What needs to be done: Filter the records below, keeping only lines with the string "stage".

[Dataset entries]
[Start of Attachment]

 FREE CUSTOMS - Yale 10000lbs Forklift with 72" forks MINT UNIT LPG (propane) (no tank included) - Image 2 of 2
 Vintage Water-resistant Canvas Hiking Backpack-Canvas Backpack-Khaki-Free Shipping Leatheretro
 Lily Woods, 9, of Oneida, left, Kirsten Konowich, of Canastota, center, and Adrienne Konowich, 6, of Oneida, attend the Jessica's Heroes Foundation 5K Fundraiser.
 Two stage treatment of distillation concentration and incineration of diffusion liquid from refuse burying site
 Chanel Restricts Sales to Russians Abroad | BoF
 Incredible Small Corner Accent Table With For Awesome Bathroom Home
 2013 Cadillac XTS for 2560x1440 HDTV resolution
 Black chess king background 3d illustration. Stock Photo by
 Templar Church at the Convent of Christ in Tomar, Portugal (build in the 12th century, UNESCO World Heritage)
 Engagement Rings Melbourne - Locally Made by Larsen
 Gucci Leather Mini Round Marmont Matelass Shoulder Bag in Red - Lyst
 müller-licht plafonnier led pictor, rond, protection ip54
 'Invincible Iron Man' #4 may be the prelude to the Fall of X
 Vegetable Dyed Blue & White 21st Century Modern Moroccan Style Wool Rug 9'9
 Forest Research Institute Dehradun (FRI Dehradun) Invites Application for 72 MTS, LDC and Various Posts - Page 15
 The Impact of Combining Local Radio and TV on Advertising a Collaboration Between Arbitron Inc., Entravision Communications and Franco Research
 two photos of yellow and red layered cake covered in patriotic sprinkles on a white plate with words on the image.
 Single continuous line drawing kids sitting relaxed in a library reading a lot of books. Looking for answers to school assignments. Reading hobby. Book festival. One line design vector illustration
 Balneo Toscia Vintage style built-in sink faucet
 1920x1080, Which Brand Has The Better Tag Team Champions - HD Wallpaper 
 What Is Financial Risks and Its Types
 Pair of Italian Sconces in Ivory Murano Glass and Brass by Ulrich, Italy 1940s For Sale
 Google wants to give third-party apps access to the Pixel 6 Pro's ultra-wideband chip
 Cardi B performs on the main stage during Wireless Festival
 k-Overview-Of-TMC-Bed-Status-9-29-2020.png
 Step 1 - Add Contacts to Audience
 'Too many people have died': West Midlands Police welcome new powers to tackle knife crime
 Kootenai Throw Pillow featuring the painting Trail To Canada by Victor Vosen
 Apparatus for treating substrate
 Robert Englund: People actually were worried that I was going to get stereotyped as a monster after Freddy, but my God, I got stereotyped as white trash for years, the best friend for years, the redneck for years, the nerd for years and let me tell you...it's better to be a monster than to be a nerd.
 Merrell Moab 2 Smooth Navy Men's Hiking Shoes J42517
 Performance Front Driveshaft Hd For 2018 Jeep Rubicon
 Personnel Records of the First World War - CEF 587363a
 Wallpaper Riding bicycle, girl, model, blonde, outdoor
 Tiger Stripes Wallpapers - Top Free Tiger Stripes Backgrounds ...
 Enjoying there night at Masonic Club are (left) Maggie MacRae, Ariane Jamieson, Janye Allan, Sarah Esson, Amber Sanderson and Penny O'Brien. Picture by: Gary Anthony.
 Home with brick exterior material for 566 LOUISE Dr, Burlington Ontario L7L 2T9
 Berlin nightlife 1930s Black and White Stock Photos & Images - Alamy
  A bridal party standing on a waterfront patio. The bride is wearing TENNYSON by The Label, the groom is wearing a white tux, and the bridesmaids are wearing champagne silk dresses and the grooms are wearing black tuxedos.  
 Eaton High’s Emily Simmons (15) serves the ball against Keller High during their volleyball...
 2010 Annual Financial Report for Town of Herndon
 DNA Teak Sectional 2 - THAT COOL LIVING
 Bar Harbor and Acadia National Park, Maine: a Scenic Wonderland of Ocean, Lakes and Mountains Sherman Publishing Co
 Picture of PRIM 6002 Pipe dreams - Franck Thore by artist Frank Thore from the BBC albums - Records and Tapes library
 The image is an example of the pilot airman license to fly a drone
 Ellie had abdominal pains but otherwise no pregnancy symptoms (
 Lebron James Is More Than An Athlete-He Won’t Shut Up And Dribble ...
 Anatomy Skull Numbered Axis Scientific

[End of Attachment]

Task result:
 Two stage treatment of distillation concentration and incineration of diffusion liquid from refuse burying site
 Cardi B performs on the main stage during Wireless Festival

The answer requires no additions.